An even easier solution may exist. Johns et al. gave a set of difficult math problems to both men and women, framing the test in the control case as a problem-solving set, and in the test case as a math assessment. In the test case, women performed significantly worse than men, a finding consistent with previous studies. However, in a second test case, women were taught about stereotype threat and how it can impact performance prior to taking the test. This time, the women performed equal to the control case and equal to men. Johns et al.’s work suggests, like Cadinu et al., that the female subjects expected to perform worse than the men due to  widely propagated stereotypes about their gender. However, when the women were made aware that the stereotypes were not based on fact, their expectations changed—and so did their performance. These studies show that making members of stereotyped groups aware of the effects of stereotype threat can “buffer their performance on stereotype-relevant tasks” [6].

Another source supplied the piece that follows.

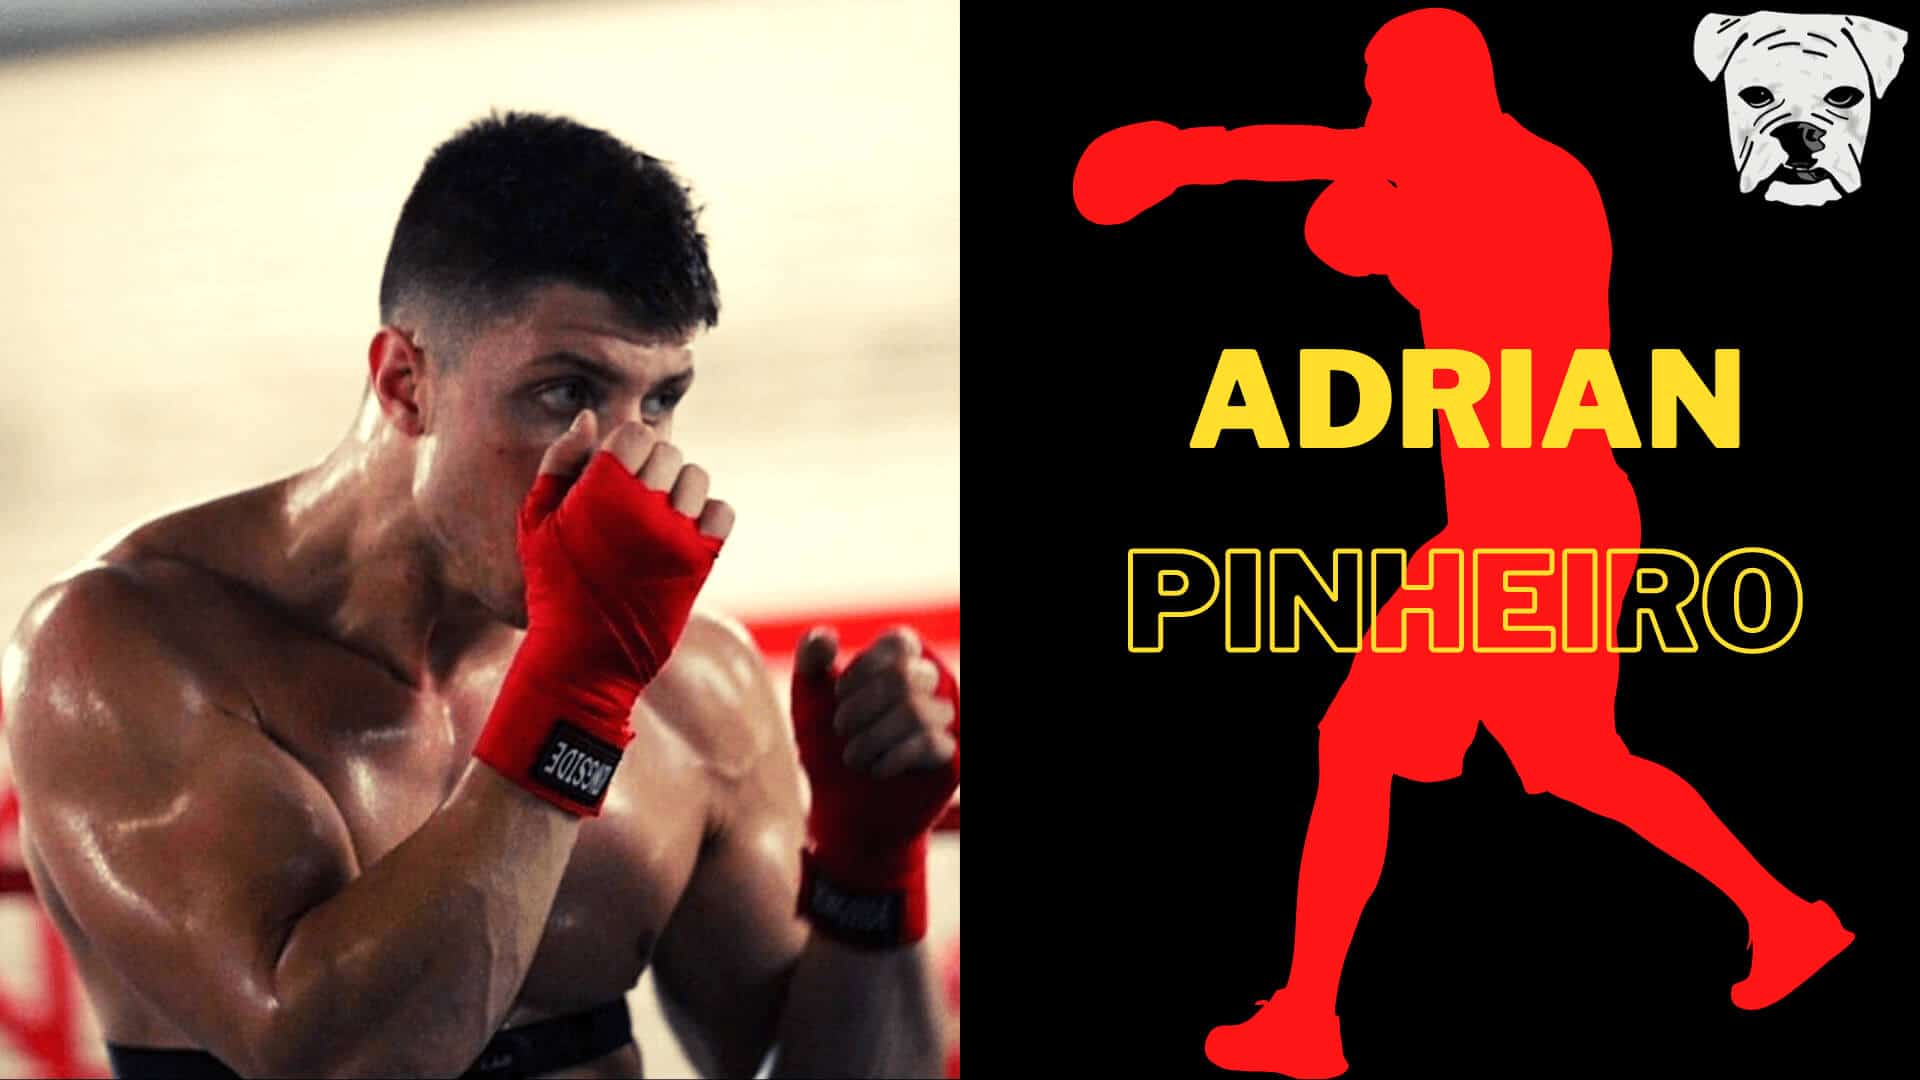 Adrian Pinheiro's journey to boxing

Despite their simplicity, these solutions have yet to be implemented in most schools and universities. Minorities and stereotyped groups continue to struggle to succeed, not because of any inherent lack of ability, but because of the idea that only people of a particular race, gender, ethnicity, religion, and socioeconomic status can prosper—an idea that has been reinforced for years. If this research becomes more widely disseminated and education systems implement the proposed practices outlined in the research papers of Johns et al. and Cadinu et al., stereotype threat may soon be nothing but a distant memory.

[1] T. Schmader, M. Johns, “Converging Evidence that Stereotype Threat Reduces Working Memory Capacity,” Journal of Personality and Social Psychology, 2003, 440–452, https://doi.org/10.1037/0022-3514.85.3.440.

[2] J. Stone, A. Chalabaev, C. K. Harrison, “The Impact of Stereotype Threat on Performance in Sports,” Stereotype ThreatTheory, Process, and Application, 2011, 218-230, https://doi.org/10.1093/acprof:oso/9780199732 449.003.0014.

[3] Thomas Hess et al., “The Impact of Stereotype Threat on Age Differences in Memory Performance,” The Journals of Gerontology, January 1, 2003, 3–11, https://doi.org/10.1093/geronb/58.1.P3.

[4] J. Aronson et al., “When White Men Can't Do Math: Necessary and Sufficient Factors in Stereotype Threat,” Journal of Experimental Social Psychology, 1999, 29-46, https://doi.org/10.1006/jesp.1998.1371.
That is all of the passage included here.